# Data records
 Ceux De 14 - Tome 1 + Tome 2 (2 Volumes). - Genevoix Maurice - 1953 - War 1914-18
---
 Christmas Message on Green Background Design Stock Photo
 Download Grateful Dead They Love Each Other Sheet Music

# What the task requires
Print the lines above from the one with "Christmas Message on" through the one with "Download Grateful Dead", both included, exactly as written and nothing more.

# Response box
 Christmas Message on Green Background Design Stock Photo
 Download Grateful Dead They Love Each Other Sheet Music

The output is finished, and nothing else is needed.